Have you noticed this month, I used multiple translations? Some
translations try to give the meaning of the Greek; while others try to give the
meaning in English. The result is; most translations have a reasonable degree
of faithful accuracy unless they are published to defend a specific theological
strain. Having read most of the major translations and a few “branded” ones; I feel
I’m on solid ground comparing them with the Greek. Don’t know Greek?
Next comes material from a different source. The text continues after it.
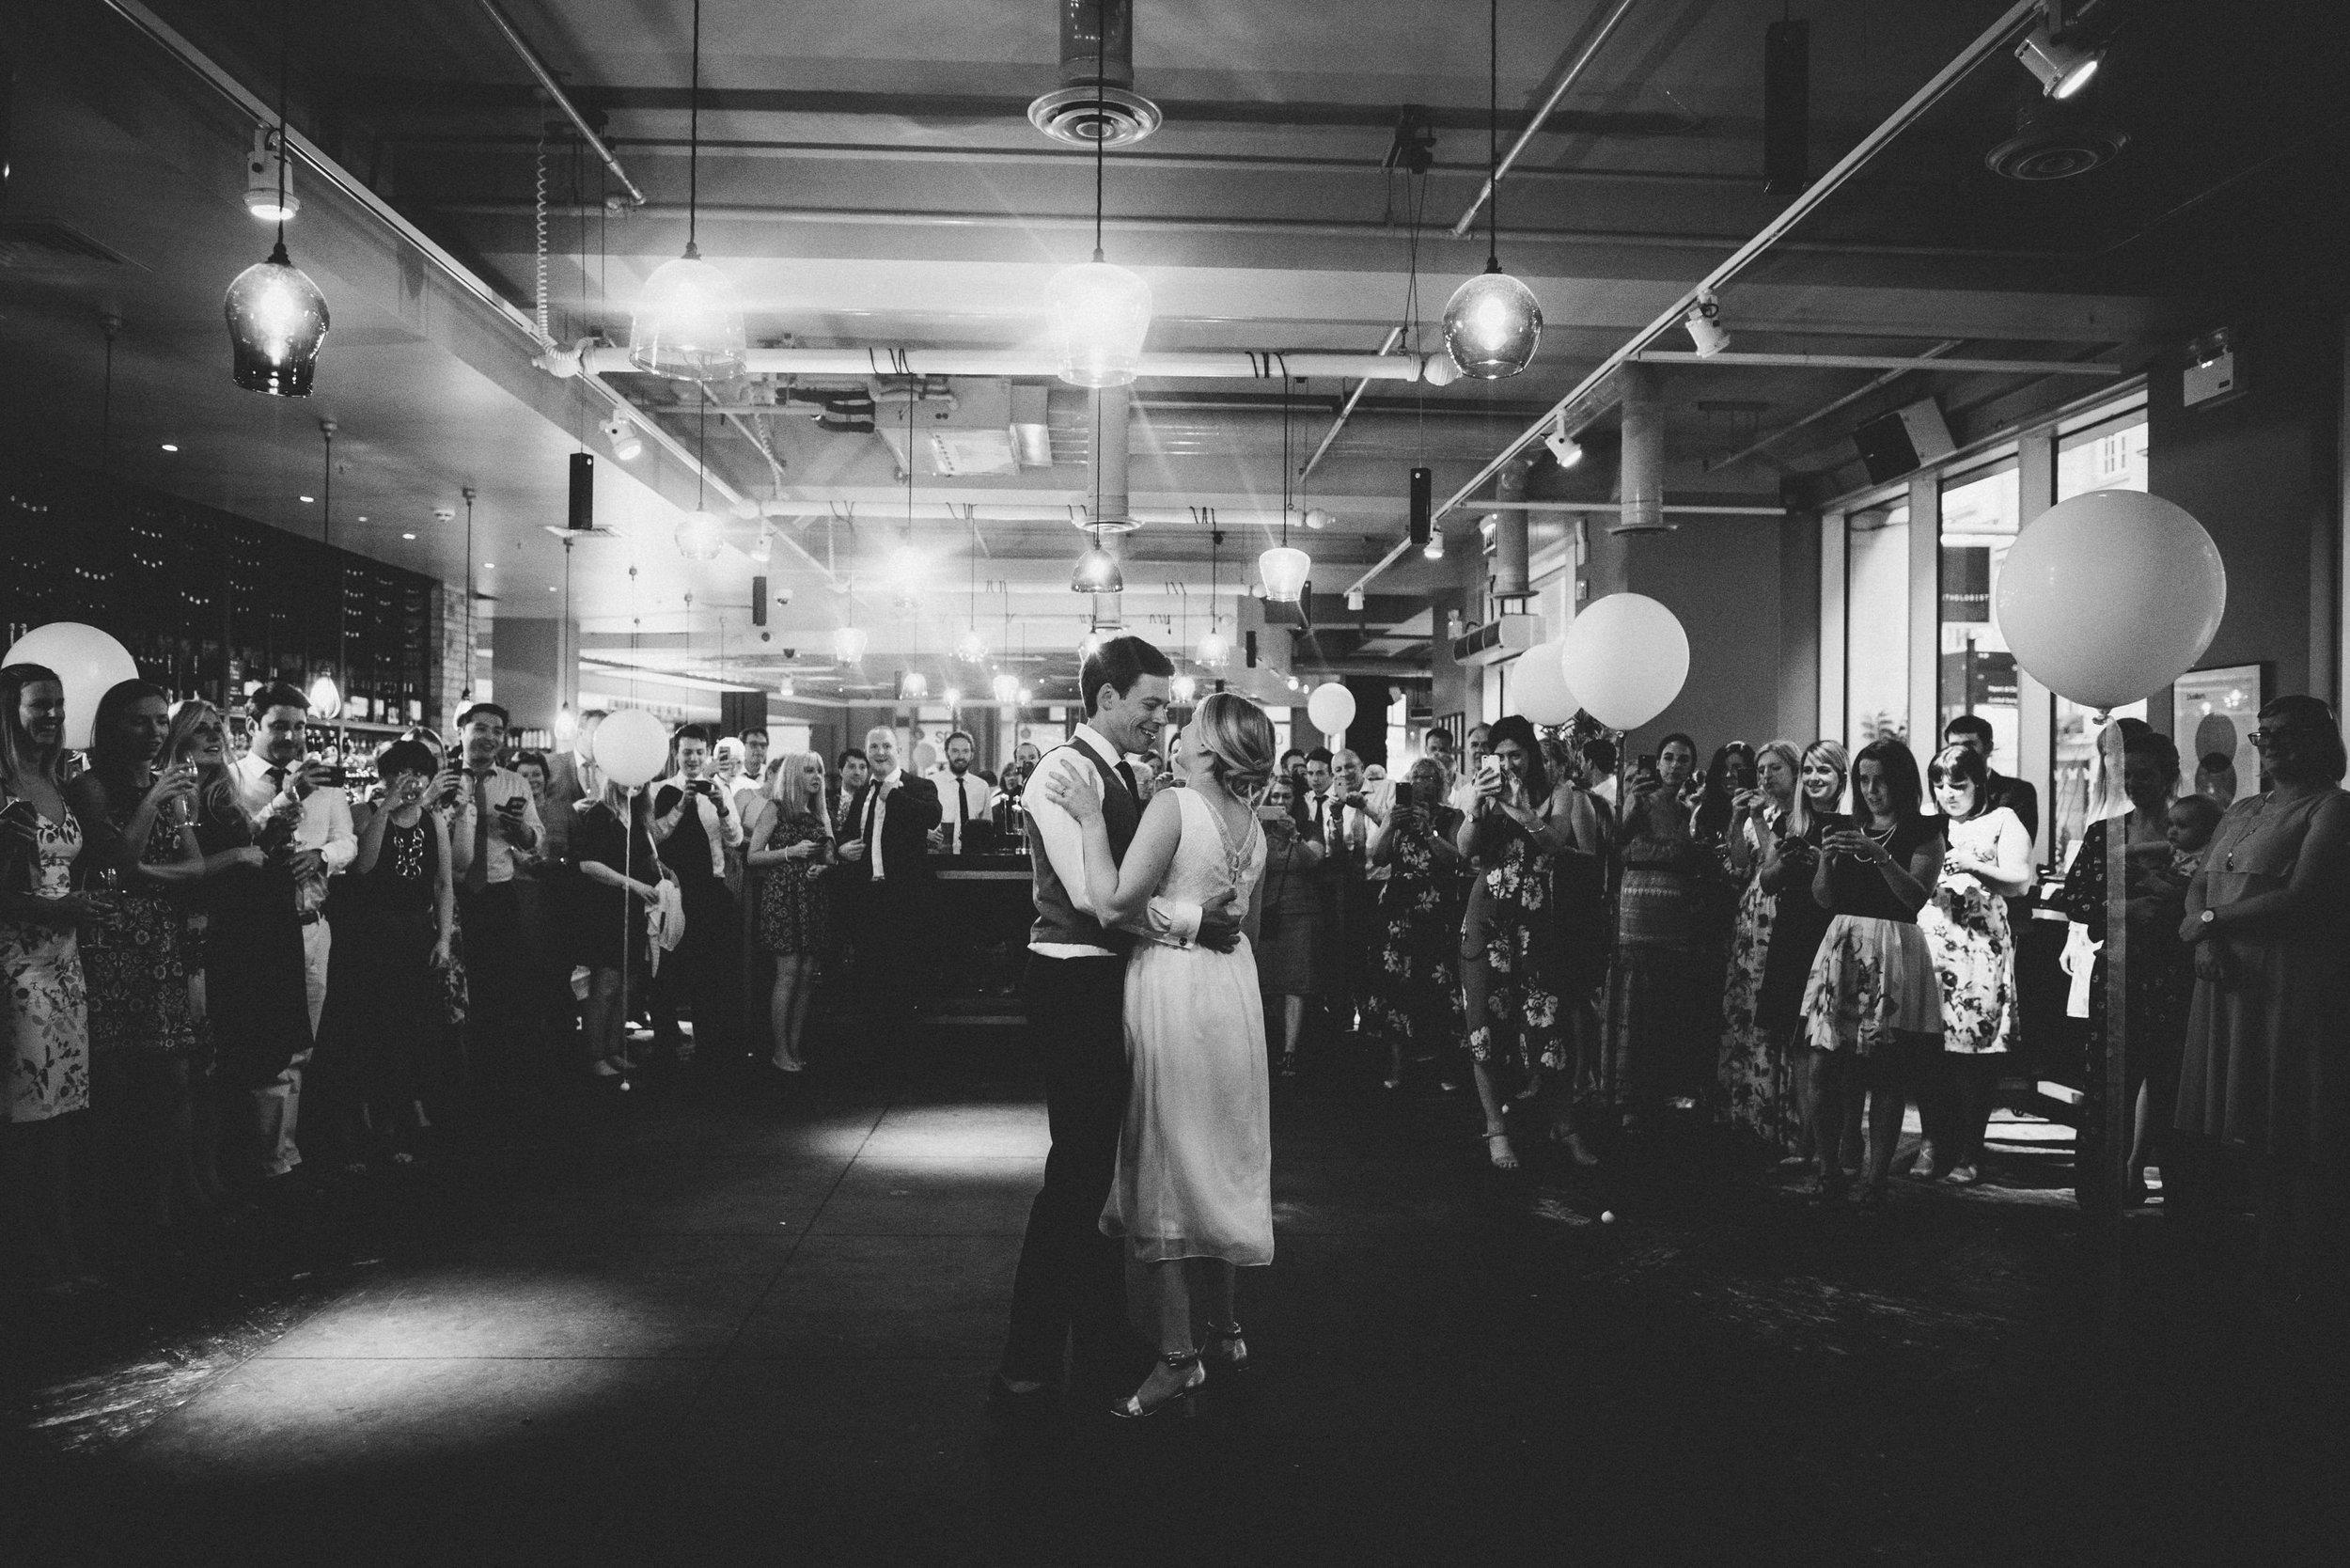 0162-LISA-DEVINE-PHOTOGRAPHY-ALTERNATIVE-WEDDING-PHOTOGRAPHY-SCOTLAND-DESTINATION-WEDDINGS-GLASGOW-WEDDINGS-COOL-WEDDINGS-STYLISH-WEDDINGS.JPG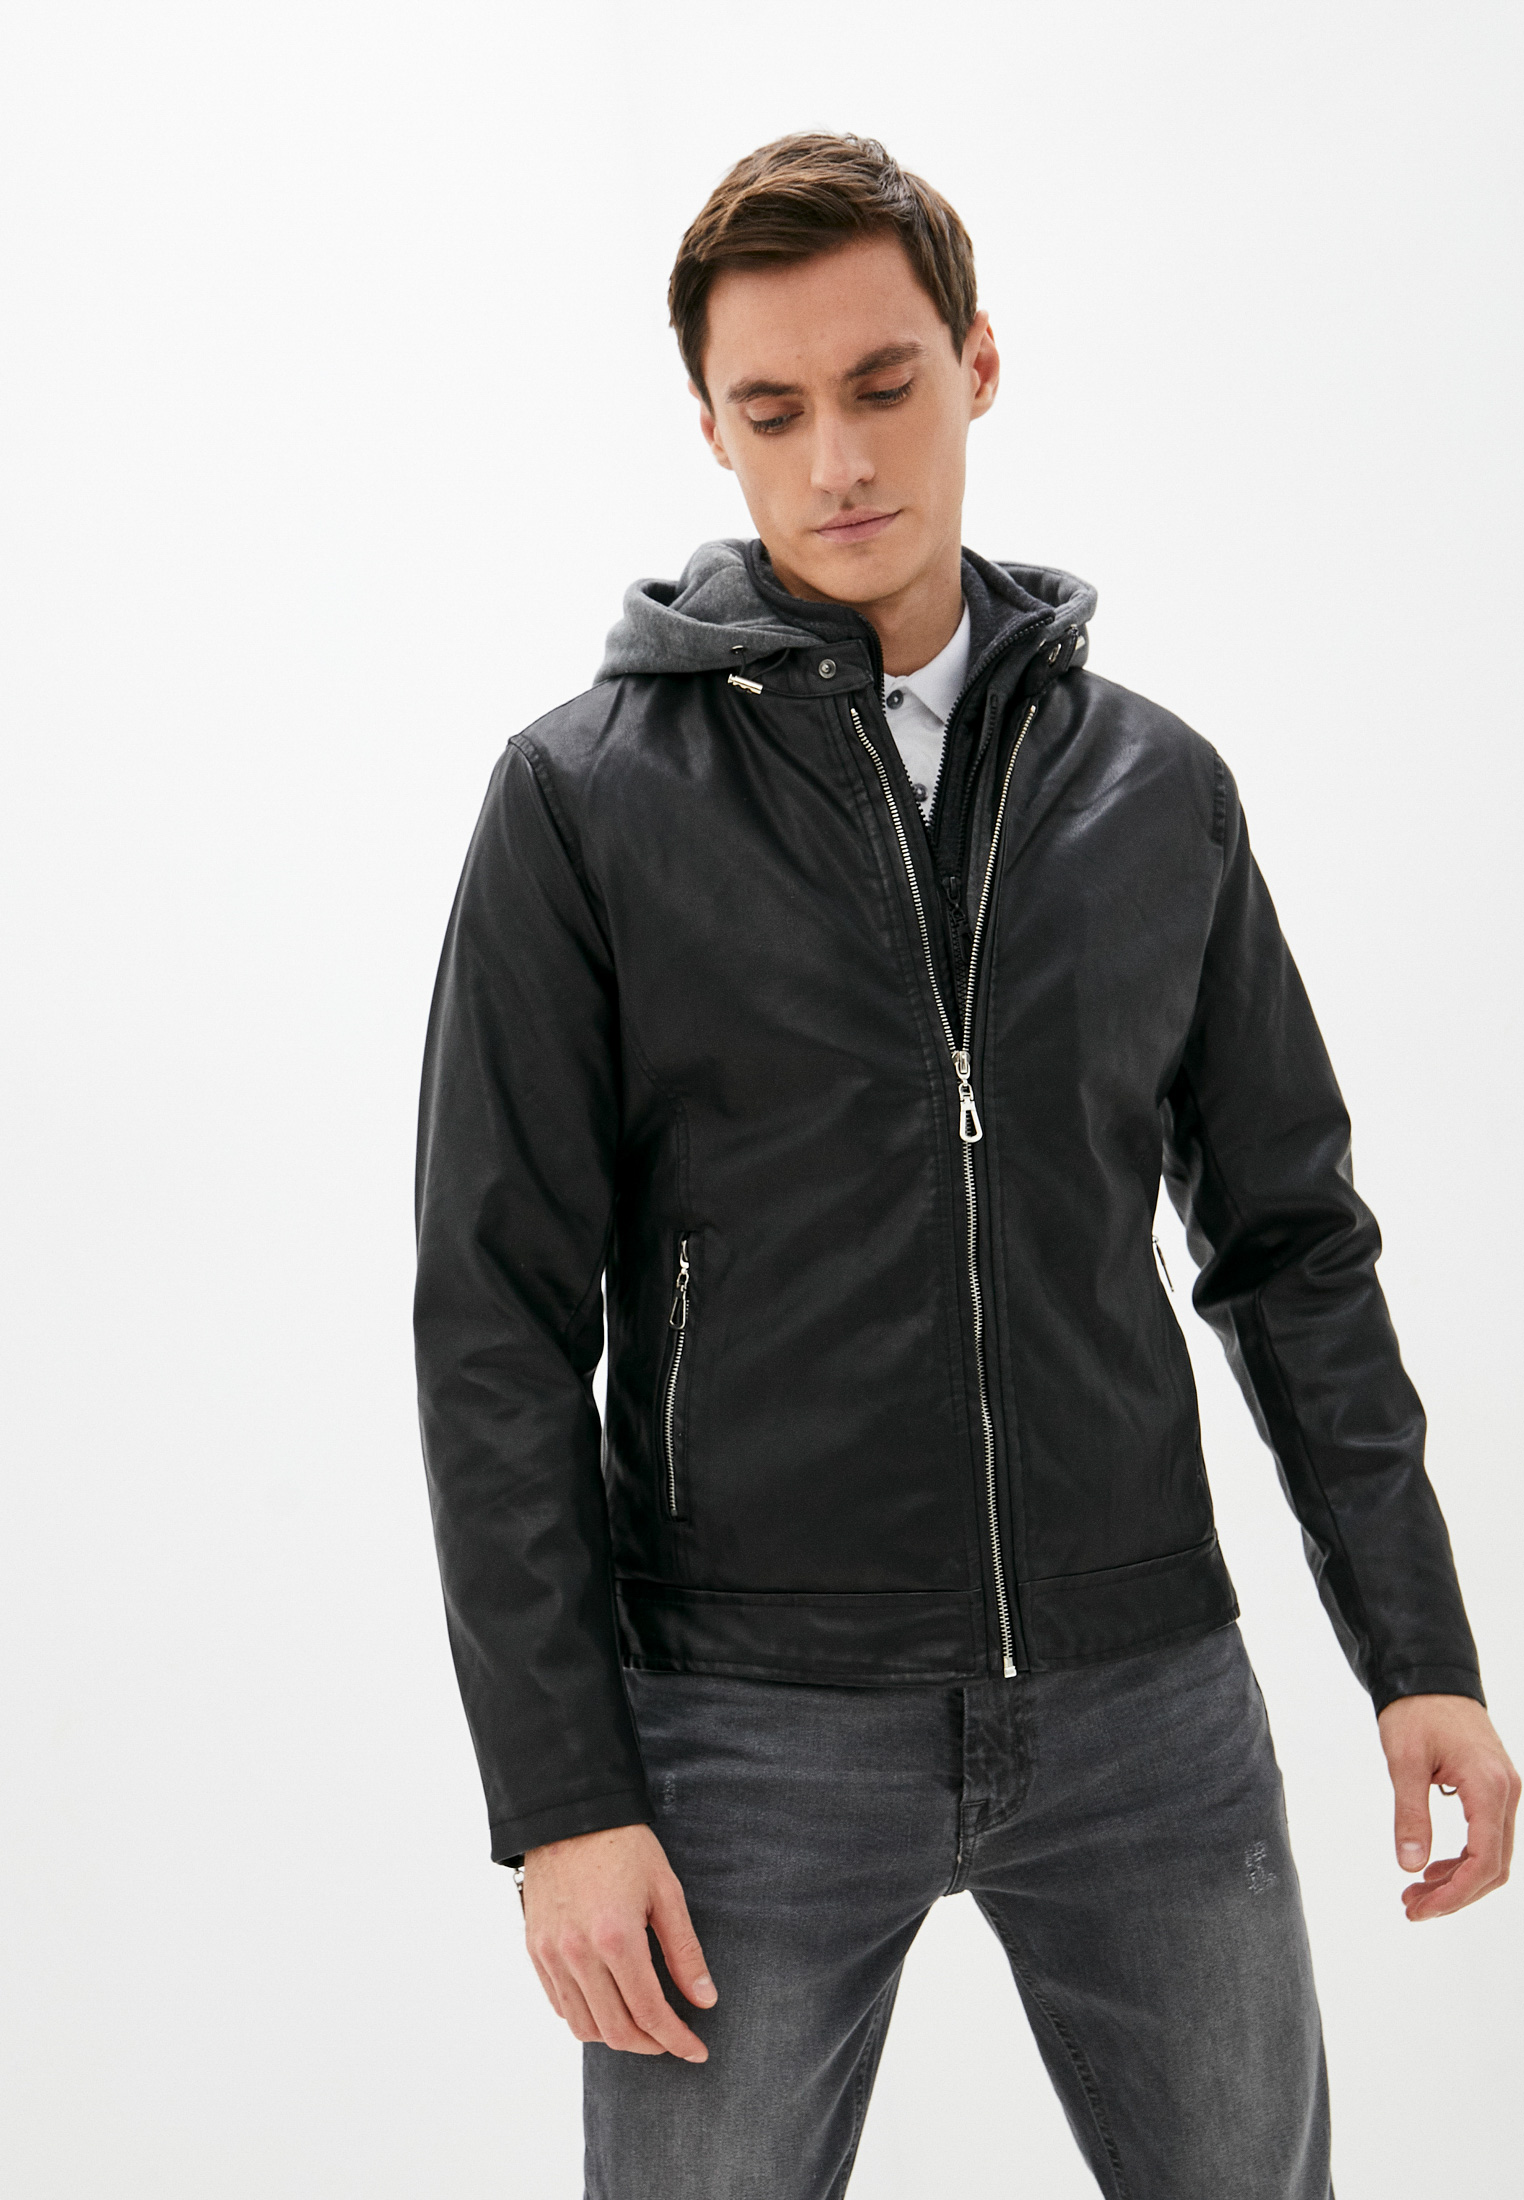 Кожаная куртка Tony Backer (Тони Беккер) Куртка кожаная Tony Backer

Put several
texts side by side (an idea from the KJV translators).
For instance: the NLT and CEB say, “All Scripture is inspired by God.” “Inspired” is a theological word
conveying the sense of “breathed in.” The ESV states, “All Scripture is breathed out by God.” While the NIV reads, “All Scripture is God-breathed.” The CEV
takes a natural tone explaining, “Everything
in the Scriptures is God's Word.” All of the above are faithful to the message
Paul was impressing on Timothy.
Because
of this, I can arrive at five presuppositions about the Bible:
- The Bible is inspired. [God’s word to us.]
- The Bible is inerrant. [Without mistake, faithfully preserved.]
- The Bible is infallible. [Trustworthy in message... always effective in life]
- The Bible is internally consistent. [Contradictions are created by constructs not Scripture.]
- The Holy Spirit illumines the meaning. [God speaks to us, personally, for real.]